Dana actually laughed. “I’m going to resign, am I? You’ve said nothing to me today to scare me into that kind of desperate response.”
Cardinal Richelieu smiled a thin, triumphant smile. “Two Musketeers who share a troubling sexual history with the escaped prisoner turn out to be the only witnesses to that prisoner’s escape. The scope of scandal, combined with the success of the Combined Royal Fleet in driving the Sun-kissed invaders back where they came from, well, all that suggests there is no need for the Musketeers to exist as a separate fleet any longer. We all serve the Crown. Don’t we?”

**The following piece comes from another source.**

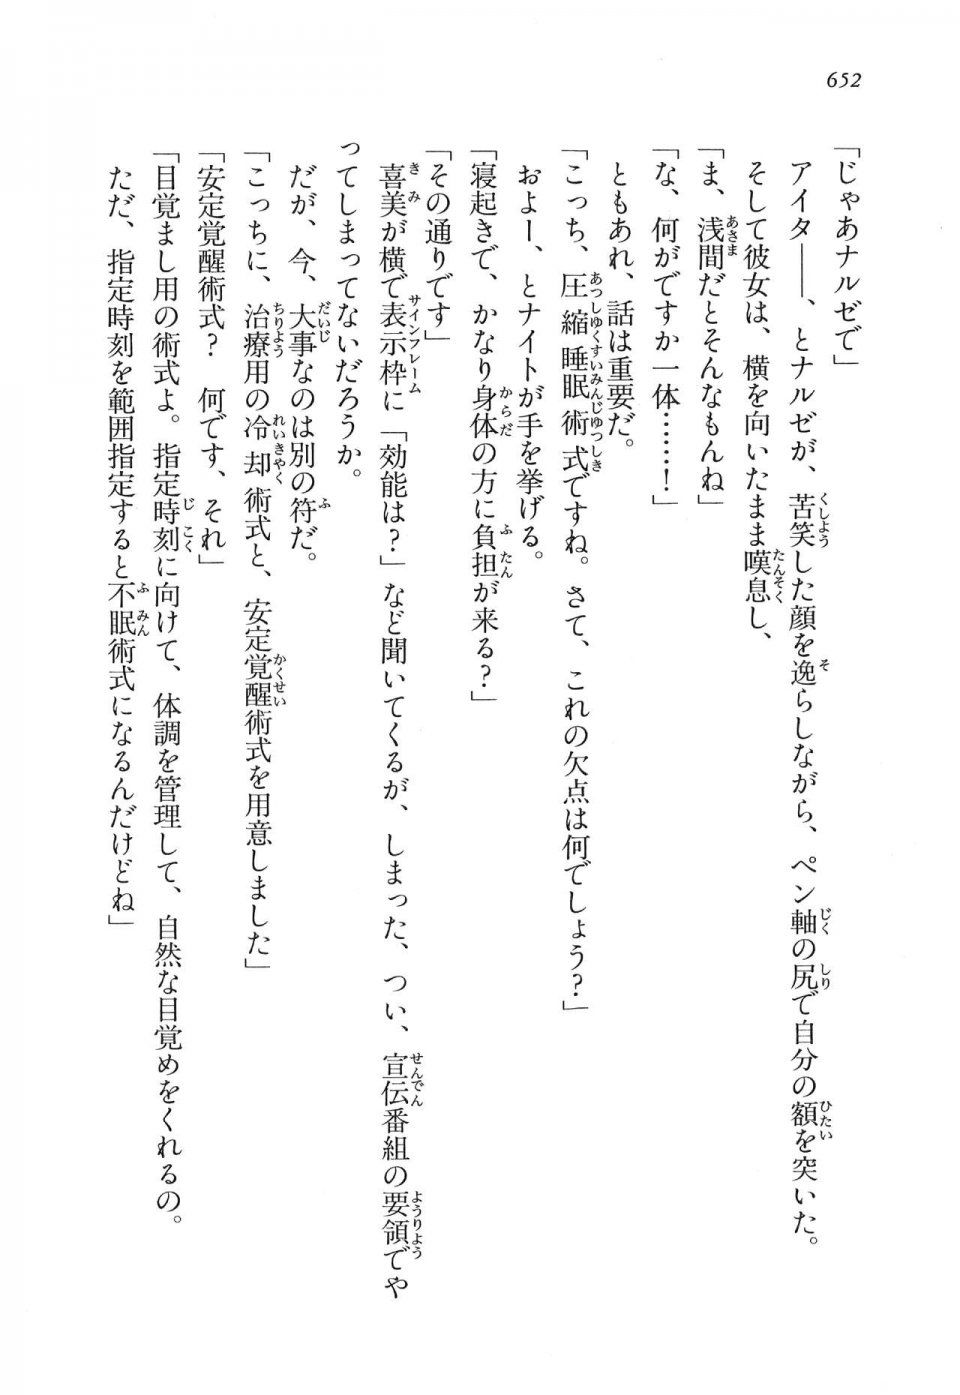 Kyoukai Senjou no Horizon LN Vol 16(7A) - Photo #652

Dana leaned back in her chair, considering her words very carefully. “What would Amiral Treville’s role be in this brave new world of a united fleet?”

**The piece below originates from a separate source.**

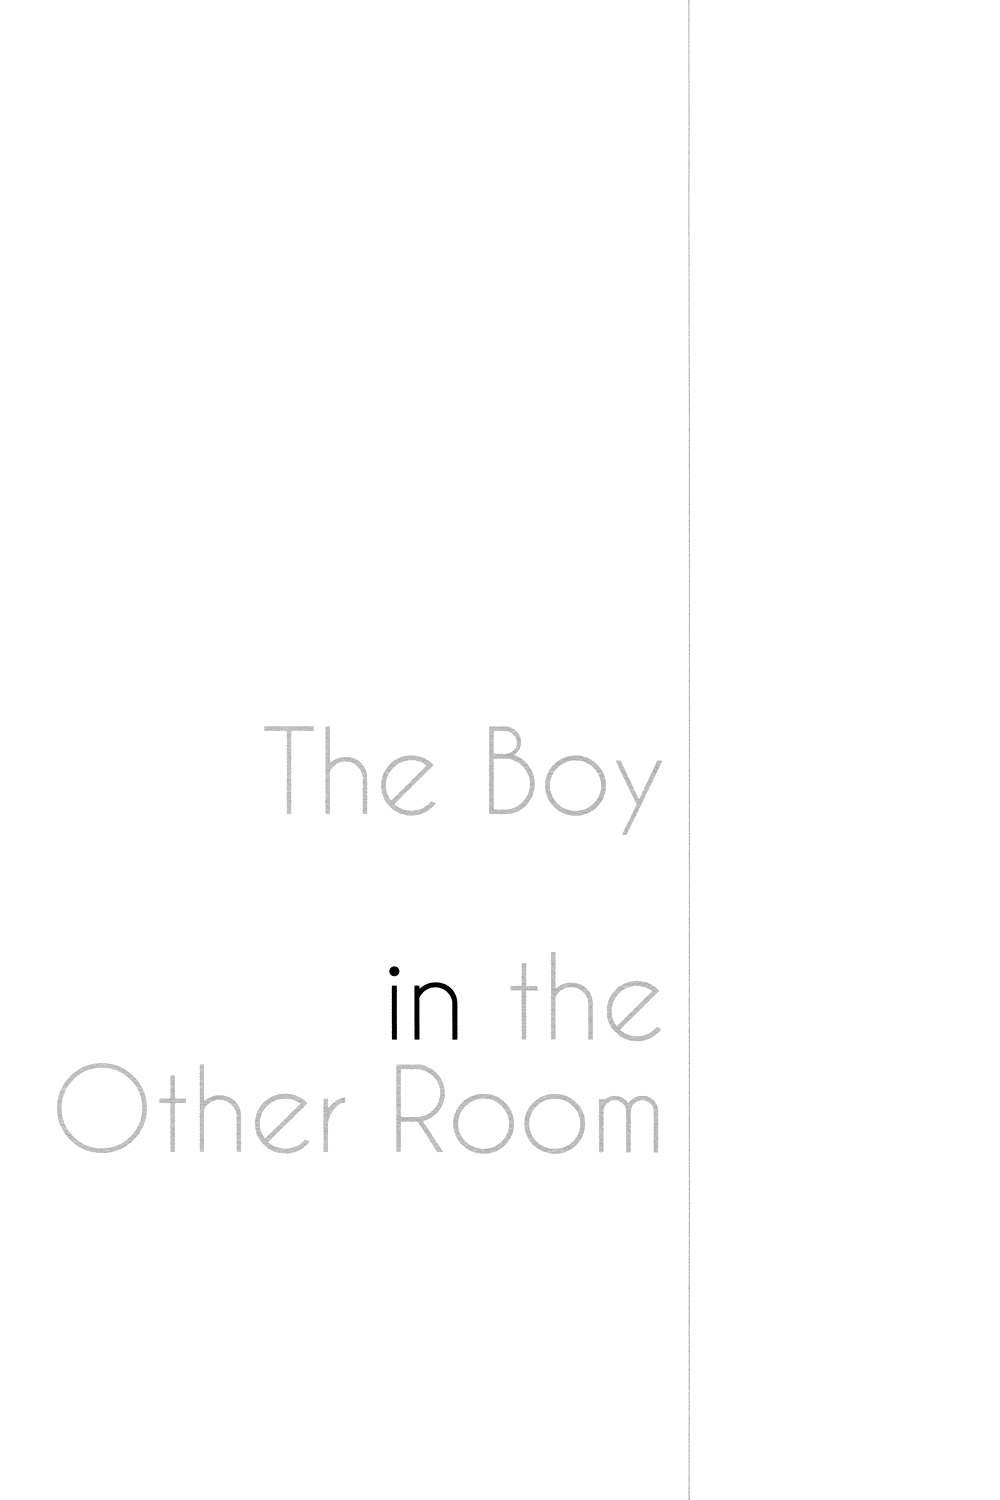 (ザ・ワールド) [ハルミツ (大橋)] The Boy in the Other Room (ジョジョの奇妙な冒険)

“Ah, my dear Jeanne. I’m sure she would enjoy more time to spend with her grandchildren.”
Dana stared at the Cardinal. Out of the corner of her eye, she saw Ro standing to attention, her face entirely neutral.
“I am surprised,” Dana said finally. “That you think it appropriate to blame the Musketeers for the Sun-kissed taking custody of their prisoner. Considering that we were working under your direct orders.”
The Cardinal’s face went very still. It was fascinating. Not even a muscle twitched. “The mission parameters were very specific,” she said finally.
“Oh yes,” said Dana. “The verbal mission parameters that you gave to us via Special Agent Cho – or is it Captain Cho? I lose track.
They were almost too specific. That’s why it was so thoughtful of you to allow us greater flexibility in our interpretation of those orders, thanks to your written contract.”
This time, it was only the Cardinal’s eyebrows that moved, but boy did they move. “Say that again,” she said coldly.
Dana smiled, and touched one of the studs along her wrist – the one that Athos had pressed upon her for this meeting. It was an expensive piece, a flat bead of platinum with a red fleur-de-lis stamped on it.
At the swipe of Dana’s fingertip, the words of the contract sprang up, glowing in the air between them:
It is by my orders and for the good of Crown and Solar System that the bearer of this stud has done what they have done.
Cardinal Richelieu, timestamp 987398Red, identity sealed.
The Cardinal stared at the words, and then at Dana. “Do you want a promotion, Captain-lieutenant D’Artagnan?”
Dana blinked rapidly, taking in the change of tone. “No thank you, your Eminence. I’m still quite new. You know how it is. Learning the ropes. No promotions warranted.”
There was a muffled snort from the direction of Ro. Dana kept her gaze fixed firmly forwards.
“As you were then, D’Artagnan,” Cardinal Richelieu said, opening her clamshell again, and making it clear that the Musketeer was dismissed. “We’ll rattle along as we are for a while longer.”
“Sounds like a plan,” said Dana. She felt Ro tug at her sleeve, and rose to her feet. “See you back in Paris.”
“I’m sure our paths will cross from time to time,” said the Cardinal sardonically.
Ro propelled Dana out of the office, and the door spiralled shut behind them.
“Just so you know,” said Ro in a steady voice as they walked down the corridor. “That was insanely hot.”
“Thanks,” said Dana automatically, still more concerned with putting one foot in front of the other without falling over. “Wait, what?”